- Born: Delaphine Grace Rosa September 11, 1906 Beloit, Rock County, Wisconsin, United States
- Died: July 28, 2001 (aged 94)
- Education: Madison Central High School University of Wisconsin–Madison
- Spouse: John Franklin Wyckoff (m. 1942)
- Scientific career
- Thesis: The Variability of Caseolytic and Sucrose-Fermenting Characteristics of Certain Bacteria (1938)

= Delaphine Grace Wyckoff =

American microbiologist and educator (1906–2001)

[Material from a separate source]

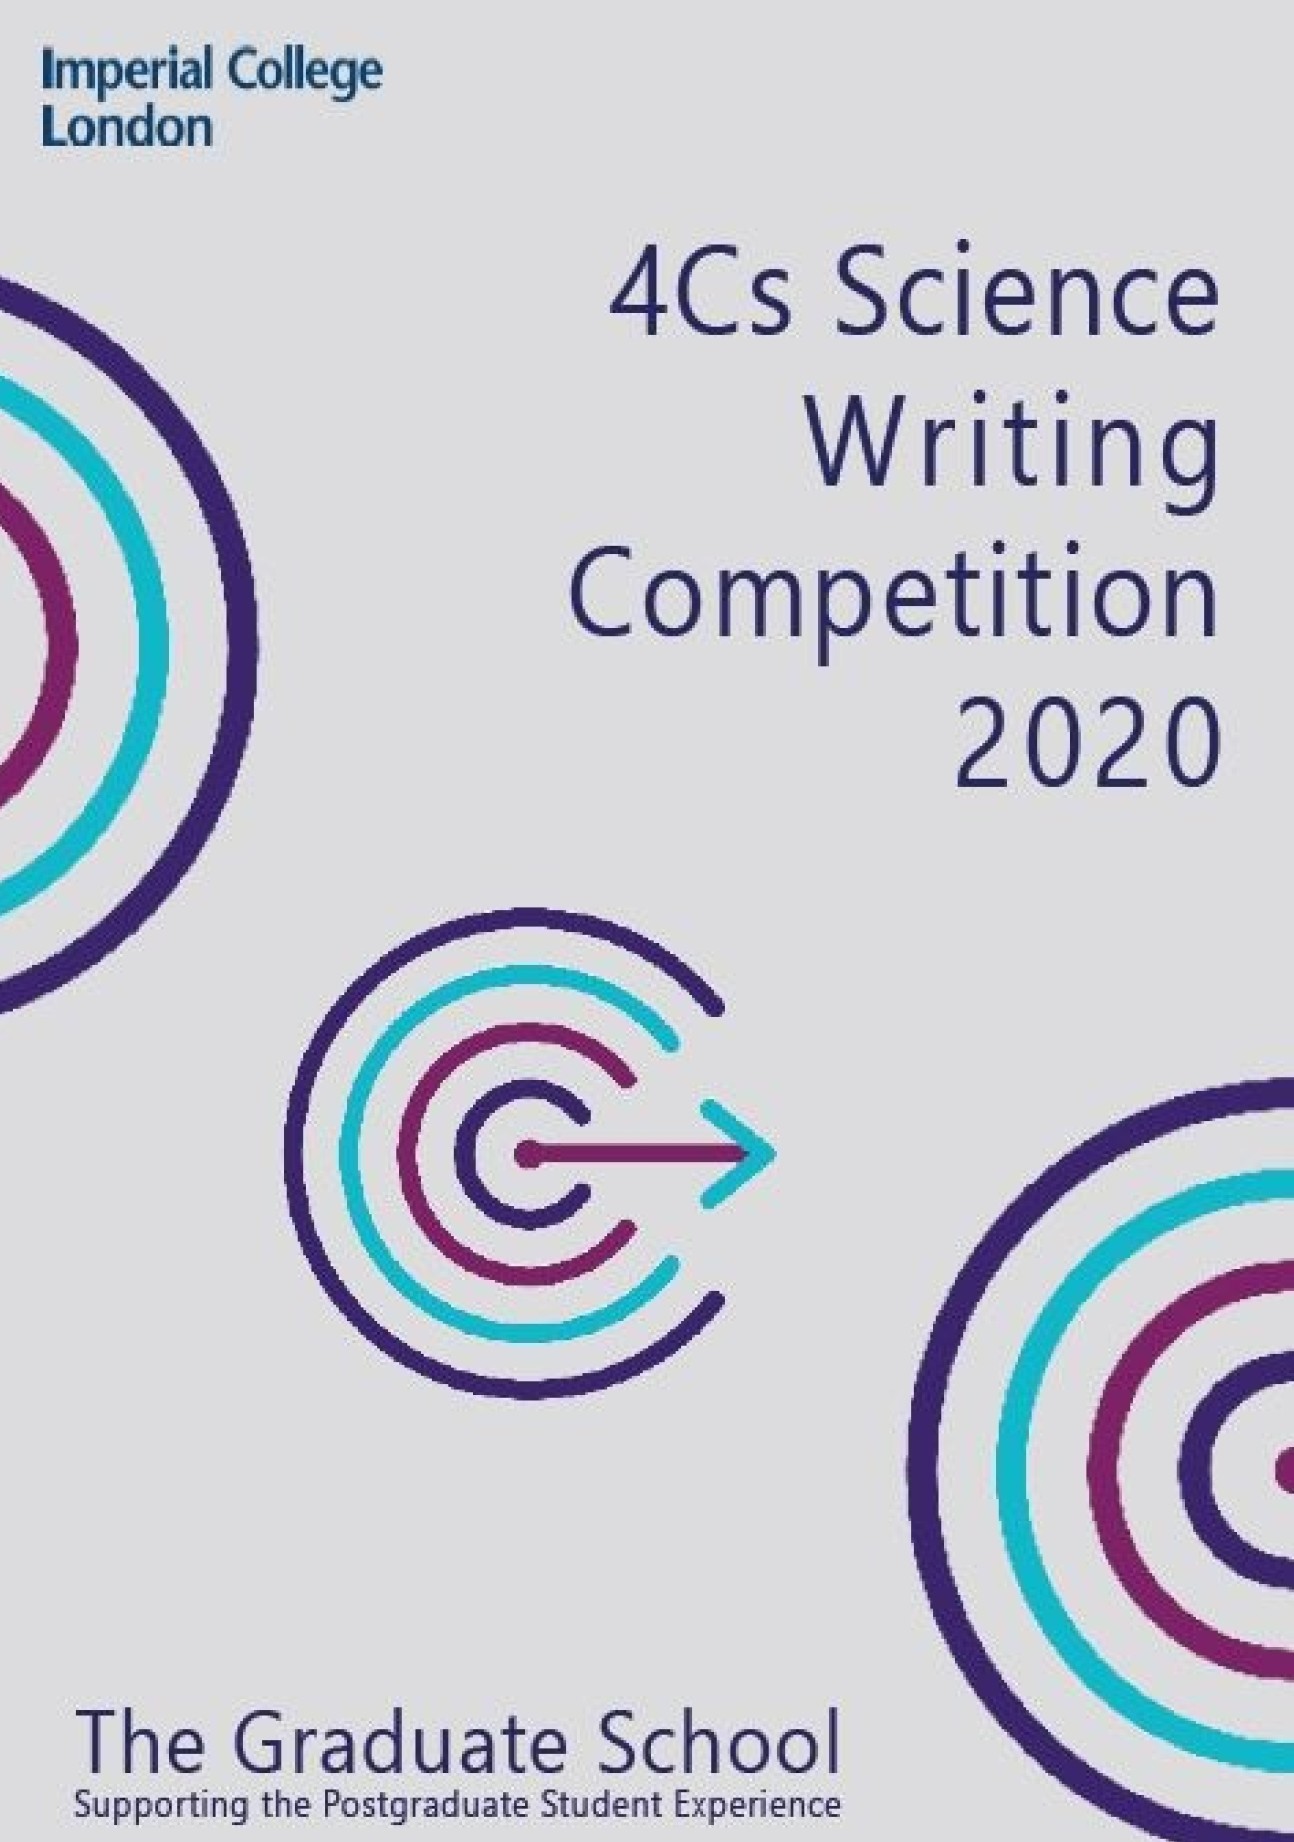 A poster for the 4Cs Science Writing Competition 2020

Delaphine Grace Wyckoff (September 11, 1906 – July 28, 2001) was an American microbiologist and educator.

== Biography ==
Wyckoff was born on September 11, 1906, in Beloit, Rock County, Wisconsin, United States. She had a brother, Ronald Chamberlin Rosa. She married John Franklin Wyckoff on August 17, 1942.

== Education ==
Wyckoff was educated at Madison Central High School. She then studied at the University of Wisconsin–Madison, graduating with a PhD in bacteriology in 1938. Her thesis questioned the reliability of fermentation and proteolytic reactions and was titled "The Variability of Caseolytic and Sucrose-Fermenting Characteristics of Certain Bacteria."

== Career ==
After graduating, Wyckoff taught at a North Dakota State University of Agriculture and Applied Sciences (now North Dakota State University) in North Dakota for four years. Wyckoff was then appointed associate professor of botany (Bacteriology) at Wellesley College, Massachusetts, later becoming Dean of Women at the institution.

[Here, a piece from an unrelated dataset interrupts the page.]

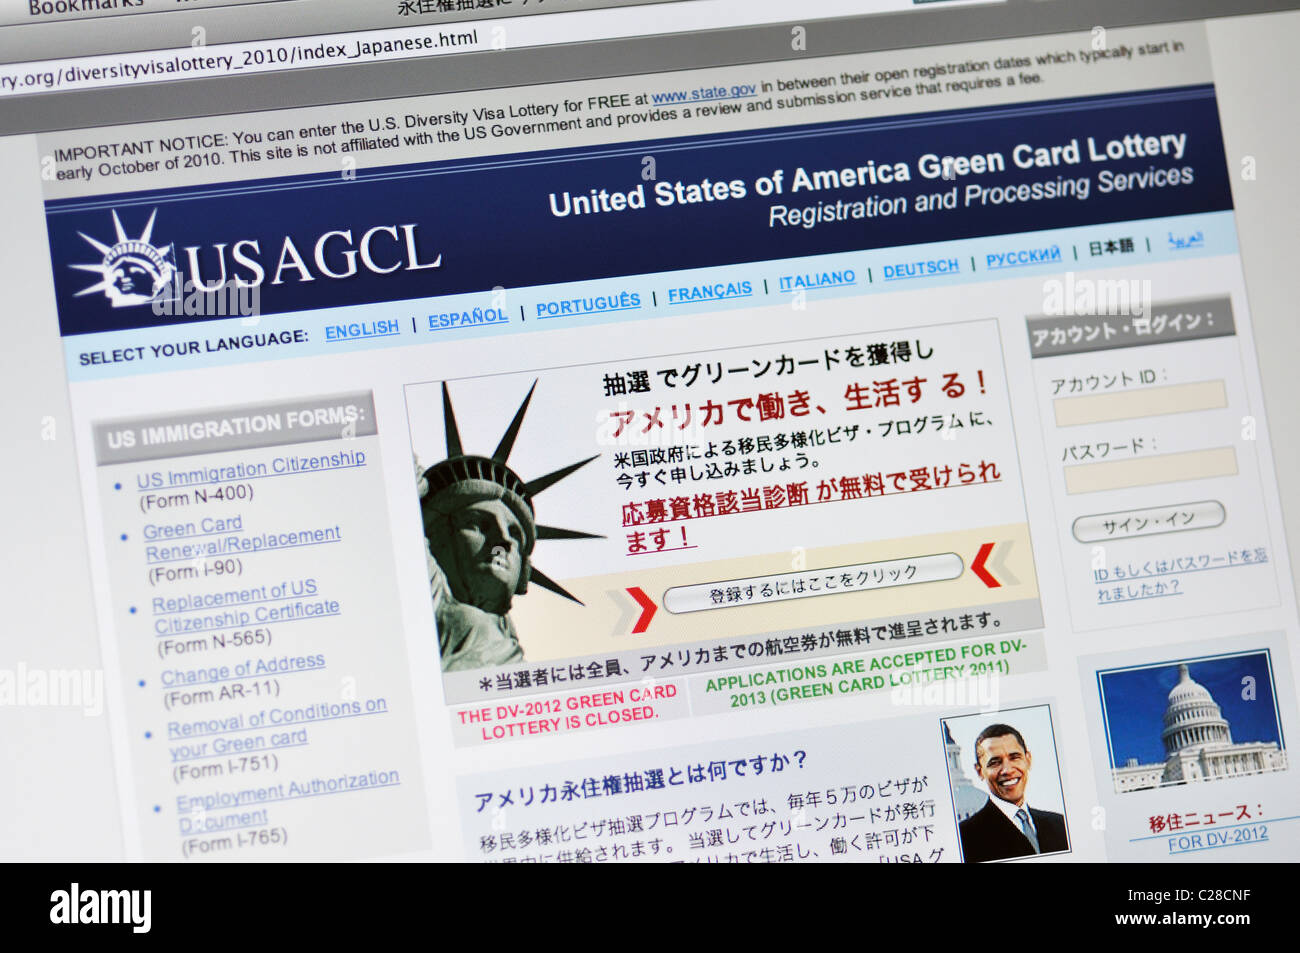 USAGCL website - United States of America Green Card Lottery - in Chinese Stock Photo

In 1955, Wycoff published A Laboratory Guide in General Bacteriology. In 1960, Wycoff contributed to a film on Biological techniques, which was produced by Thorne Films in collaboration with the American Institute of Biological Sciences.

Wyckoff was a member of the American Association for the Advancement of Science, the American Society of Microbiology, the Society of General Microbiology and the National Association of Biology Teachers.

== Death ==
Wyckoff died on July 28, 2001, and was buried at Stroudsburg Cemetery in Pennsylvania.